Introduction to Collections Module

The collections module provides specialized container datatypes that are alternatives to Python's general-purpose built-in containers (dict, list, set, tuple).

Why Collections?

  • Performance: Optimized for specific use cases
  • Functionality: Provide additional features
  • Convenience: Simplify common operations
  • Memory efficiency: More efficient for specific patterns

Collections Overview

  • namedtuple: Tuple with named fields
  • deque: Double-ended queue
  • Counter: Count hashable objects
  • defaultdict: Dictionary with default factory
  • OrderedDict: Dictionary that remembers insertion order

namedtuple

namedtuple creates tuple subclasses with named fields, making code more readable and self-documenting.

Creating namedtuple

from collections import namedtuple

# Define namedtuple type
Point = namedtuple('Point', ['x', 'y'])

# Create instances
p1 = Point(3, 4)
p2 = Point(x=5, y=6)

print(p1.x, p1.y)  # 3 4
print(p2.x, p2.y)  # 5 6

Accessing Fields

from collections import namedtuple

Person = namedtuple('Person', ['name', 'age', 'city'])
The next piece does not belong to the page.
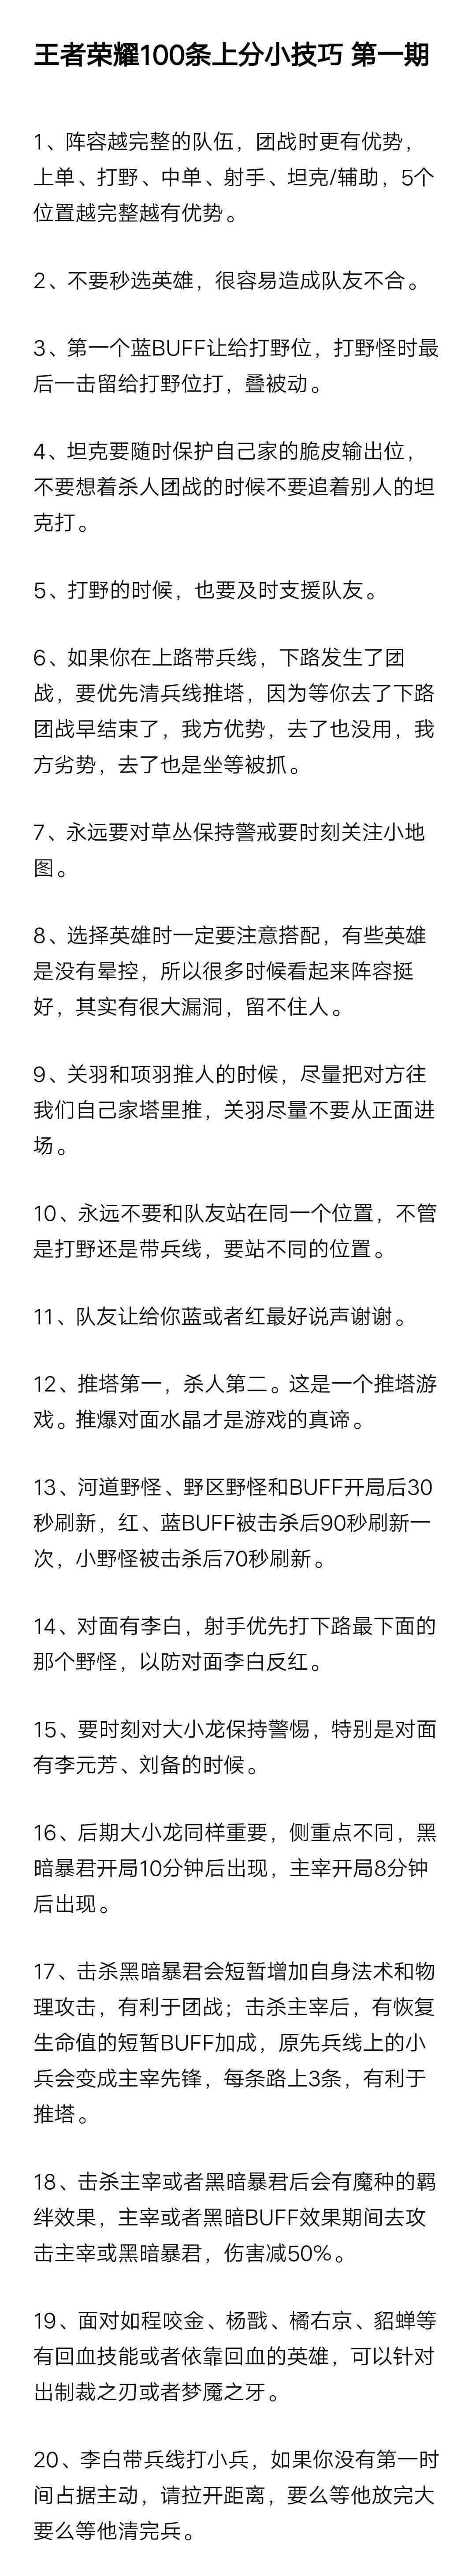 『知文推送』王者荣耀100条上分小技巧 第一期

person = Person('Alice', 30, 'New York')

# Access by name
print(person.name)   # Alice
print(person.age)    # 30
print(person.city)   # New York

# Access by index (still works)
print(person[0])     # Alice
print(person[1])     # 30
print(person[2])     # New York

namedtuple Methods

from collections import namedtuple

Point = namedtuple('Point', ['x', 'y'])
p = Point(3, 4)

# Convert to dictionary
print(p._asdict())  # OrderedDict([('x', 3), ('y', 4)])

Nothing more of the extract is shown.